Les nouveaux systèmes TAVI transfémoraux, qu’ils soient en cours de développement ou déjà certifiés, s’attaquent aux points faibles et aux limitations possibles, comme l’insuffisance paravalvulaire ou le risque de complication vasculaire. Cet article, basé sur une présentation faite lors du 4e symposium bernois sur les valves cardiaques, donne un aperçu des derniers développements.

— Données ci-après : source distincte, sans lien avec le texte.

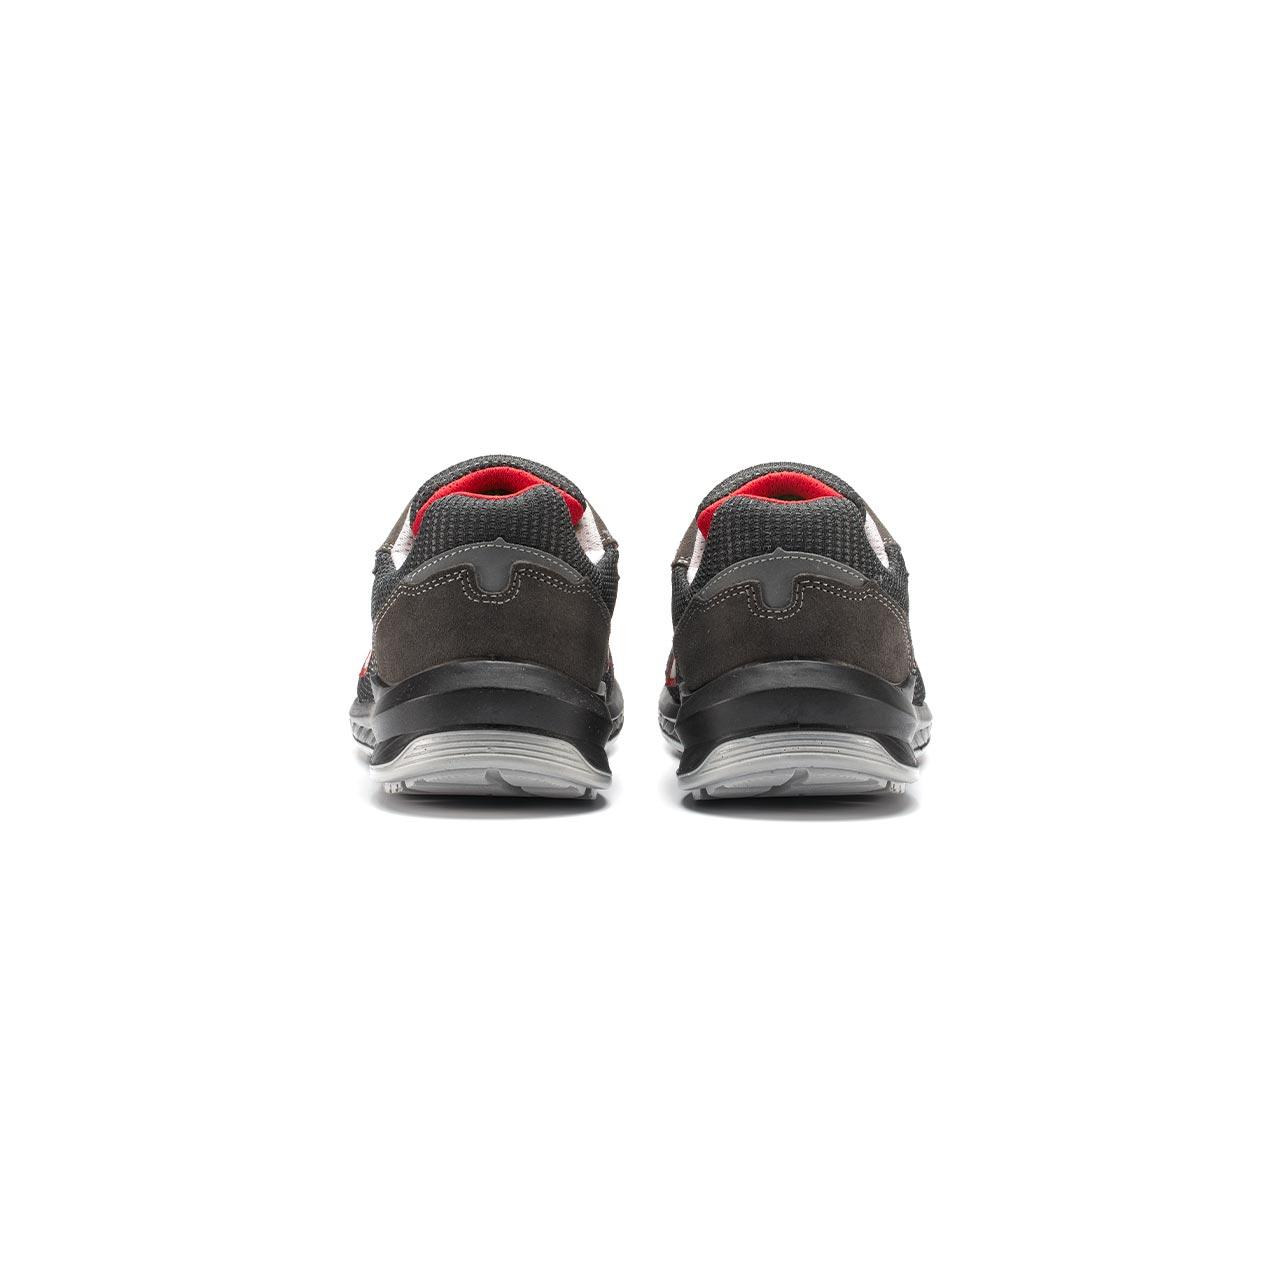 paio di scarpe antinfortunistiche upower modello demon linea redindustry vista retro

Depuis sa première implantation en 2002, l’implantation valvulaire aortique percutanée par transcathéter (TAVI) est devenue une méthode reconnue et éprouvée dans le traitement du rétrécissement valvulaire aortique sévère. L’approche mini-invasive a été constamment améliorée au cours des dernières années. Différentes voies d’accès et différents systèmes de valves à ballon ou auto-expansibles ont été testés ou développés. Sur la base des données cliniques issues d’études randomisées et de registres, le TAVI est supérieur au traitement médicamenteux et égal à la chirurgie cardiaque conventionnelle chez les patients à haut risque. La voie transfémorale offre l’avantage d’une intervention sous anesthésie locale sans anesthésie générale et est utilisée dans la majorité des cas lorsque l’anatomie est appropriée. Sur la base des résultats cliniques, le traitement par TAVI a été intégré en 2012 dans les directives de la Société européenne de cardiologie, avec une recommandation de classe I B pour les patients inopérables et une recommandation de classe IIa B pour les patients à haut risque présentant une sténose valvulaire aortique sévère. L’expérience clinique des procédures TAVI est basée sur l’utilisation des bioprothèses Edwards Sapien et Medtronic Corevalve, qui se sont imposées comme dispositifs principaux dans la pratique clinique quotidienne des procédures transfémorales. Le nombre total d’interventions a augmenté rapidement dans le monde entier, mais aussi en Suisse. Depuis le premier TAVI en 2007 à Berne, environ 650 interventions sont réalisées chaque année en Suisse.
Nouveaux systèmes certifiés CE
Edwards Sapien 3 : La prothèse Edwards Sapien 3 (Edwards Lifesciences Inc., CA, États-Unis) représente l’évolution de la prothèse Edwards Sapien XT et, comme son prédécesseur, elle comporte un cadre de stent en alliage cobalt-chrome et une valve cardiaque en péricarde bovin. Alors que le Sapien 3, inchangé par rapport aux modèles précédents, est fixé par un ballonnet dans le canal valvulaire aortique natif, il apporte pour la première fois, en tant que nouveauté spéciale, un ourlet d’étanchéité en polyéthylène téréphtalate (PET) dans la partie inférieure extérieure de la valve cardiaque (Fig. 1a).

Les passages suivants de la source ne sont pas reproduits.